Adiante, o Estado do Rio Grande do Sul reiterou manifestação anterior, defendendo seja "observada a preferência dos créditos estaduais relativamente aos valores obtidos com a alienação judicial" (evento 322).
Foi recebido ofício da Vara Judicial da Comarca de Flores da Cunha, expedido no âmbito da execução fiscal nº 5000140-31.2016.8.21.0097/RS, movida pelo Estado do Rio Grande do Sul em face da ora executada, solicitando a remessa dos valores obtidos com a alienação judicial (evento 323).
O leiloeiro informou o pagamento integral do valor oferecido pela arrematação do imóvel, requerendo a liberação do registro de gravame em favor da União, determinado na carta de arrematação (evento 327).
O Estado do Rio Grande do Sul reiterou o pedido de observância da preferência de seus créditos, apresentando demonstrativo com os valores devidos nos processos em que houve constrição do bem alienado (evento 328).
Décio Boff compareceu aos autos, por meio de procuradora, alegando que houve pagamento integral do débito relativo ao imóvel arrematado e requerendo a expedição de ofício ao Registro de Imóveis, para averbação da liberação da hipoteca judicial, mencionando ter negociado o imóvel e ser necessária tal providência para transferência da propriedade (evento 329).
Sobreveio manifestação da executada, observando que o arrematante adquiriu o imóvel por R$ 404.212,33, em maio de 2023, e o alienou por R$ 900.030,00, em dezembro de 2023, e requerendo seja intimado a depositar a diferença, para amortização da dívida (evento 335).
O Banco do Estado do Rio Grande do Sul - Banrisul S/A requereu a concessão de prazo de 30 (trinta) dias para manifestação (evento 336).
Décio Boff manifestou-se espontaneamente, por meio de sua procuradora, impugnando o pedido de complementação de valores, por ausência de previsão legal, dentre outros fundamentos, e reiterando o requerimento de liberação do gravame incidente sobre o imóvel arrematado (evento 339).
Instada a manifestar-se, a União rechaçou o pedido da executada e afirmou que o pedido de levantamento de hipoteca deveria ser formulado pelo arrematante diretamente à Procuradoria-Geral da Fazenda Nacional, em âmbito administrativo, instruído com os documentos pertinentes (evento 344).
Em despacho exarado no evento 349, observou-se que o parcelamento do lanço deu-se no âmbito deste processo, sendo indicados os eventos em que documentados os pagamentos, além de extrato da conta judicial em que foram alocados os respectivos depósitos, sendo a exequente intimada a manifestar-se quanto ao pedido de liberação da hipoteca, sob o fundamento de integralização do pagamento do preço da arrematação.
Apontada pela exequente a comprovação, no referido extrato, de apenas nove depósitos, foi anexado novo extrato da conta judicial, contendo a totalidade dos lançamentos nela realizados (eventos 355 e 359).
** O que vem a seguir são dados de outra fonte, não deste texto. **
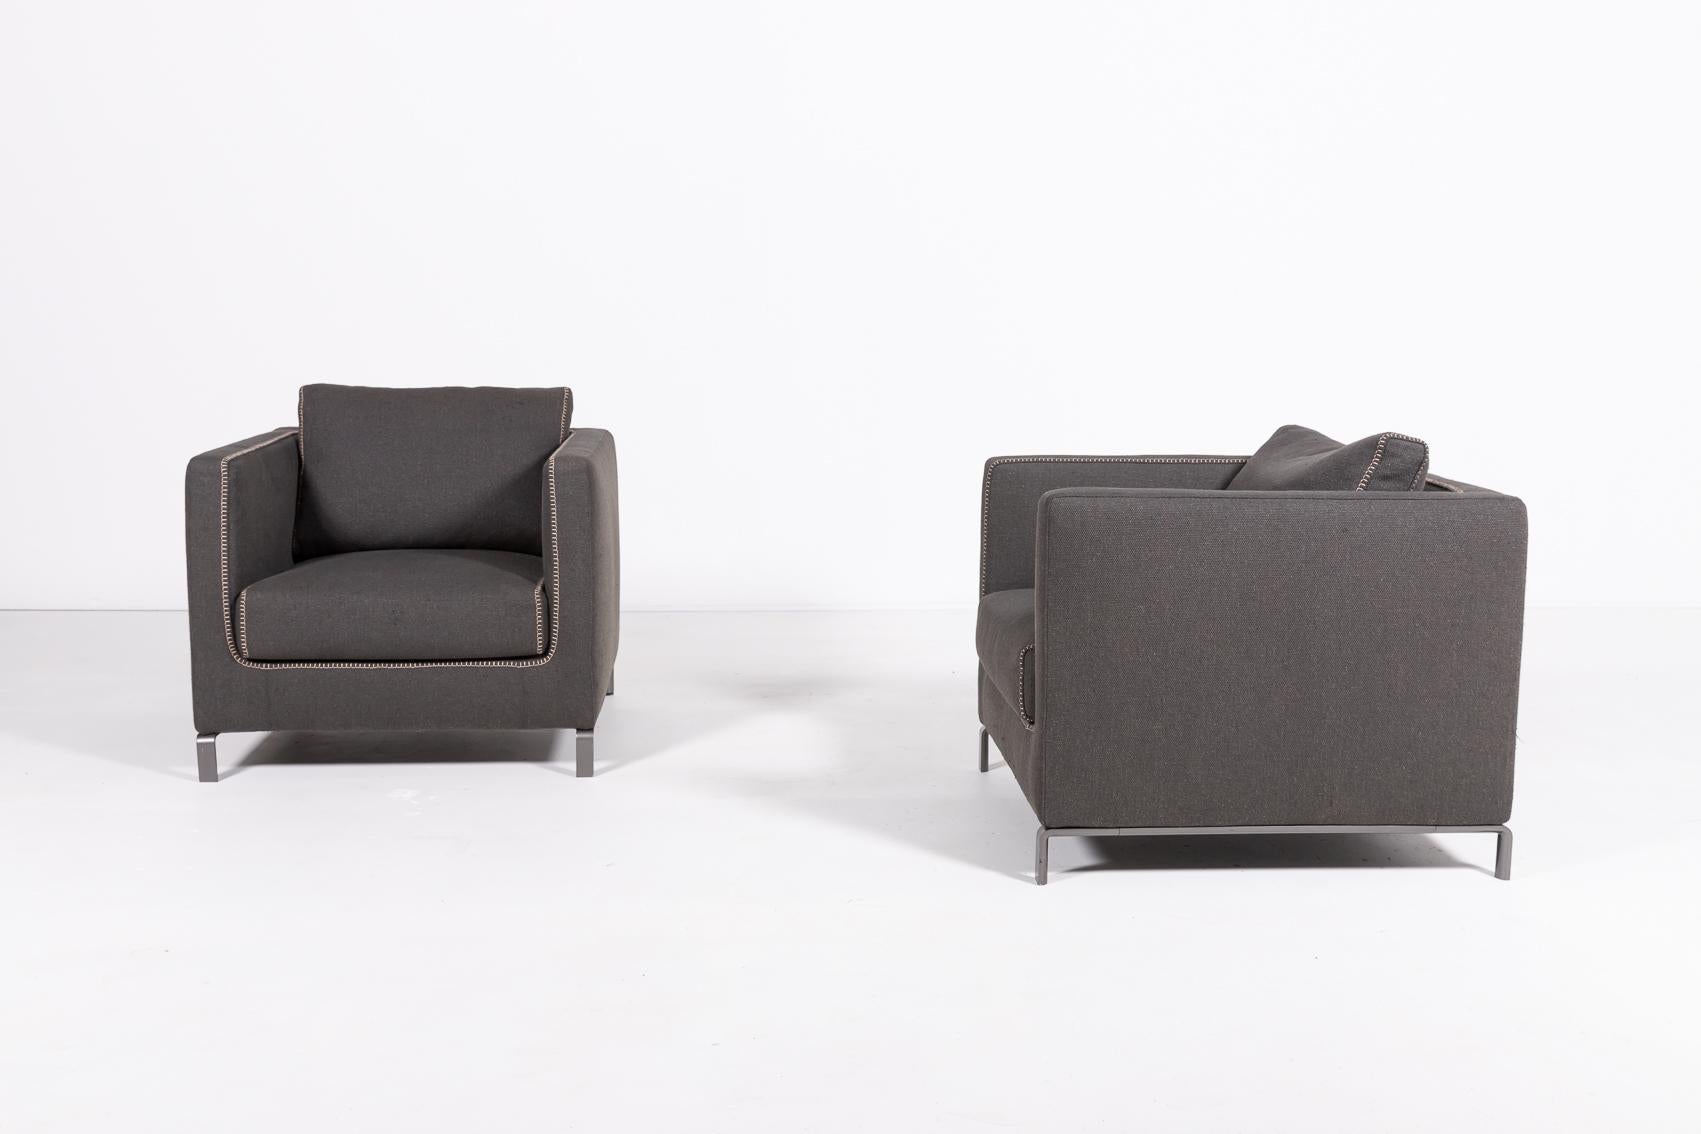 Ein Paar schöne Sessel mit grauem Wollbezug von B&B Italia von dem preisgekrönten Designer Antonio Citterio.

Eine erfolgreiche Designstrategie, die ein Gleichgewicht zwischen funktionalen und ästhetischen Merkmalen herstellt. Er zeichnet sich durch

Décio Boff destacou não existir qualquer pendência quanto ao pagamento do preço pela arrematação, requerendo o reconhecimento da sua quitação integral e reiterando os requerimentos anteriores (evento 362).
A União admitiu constar do extrato bancário registro da totalidade dos depósitos decorrentes da arrematação, requerendo seja promovida a destinação do valor nos moldes defendidos anteriormente (evento 364).
Vieram os autos conclusos. Passo à análise.
Da arrematação
Inicialmente, a proposta (evento 270, OUT3) e o auto de arrematação (evento 275, AUTOARREM3) apresentados pelo leiloeiro por ocasião do leilão somente aludem a DÉCIO BOFF, tendo sido homologada a arrematação em tais condições (evento 278, DESPADEC1), de modo que descabe a retificação da respectiva carta, para incluir o nome de Alcindo Boff como arrematante, conforme requerido pelo leiloeiro.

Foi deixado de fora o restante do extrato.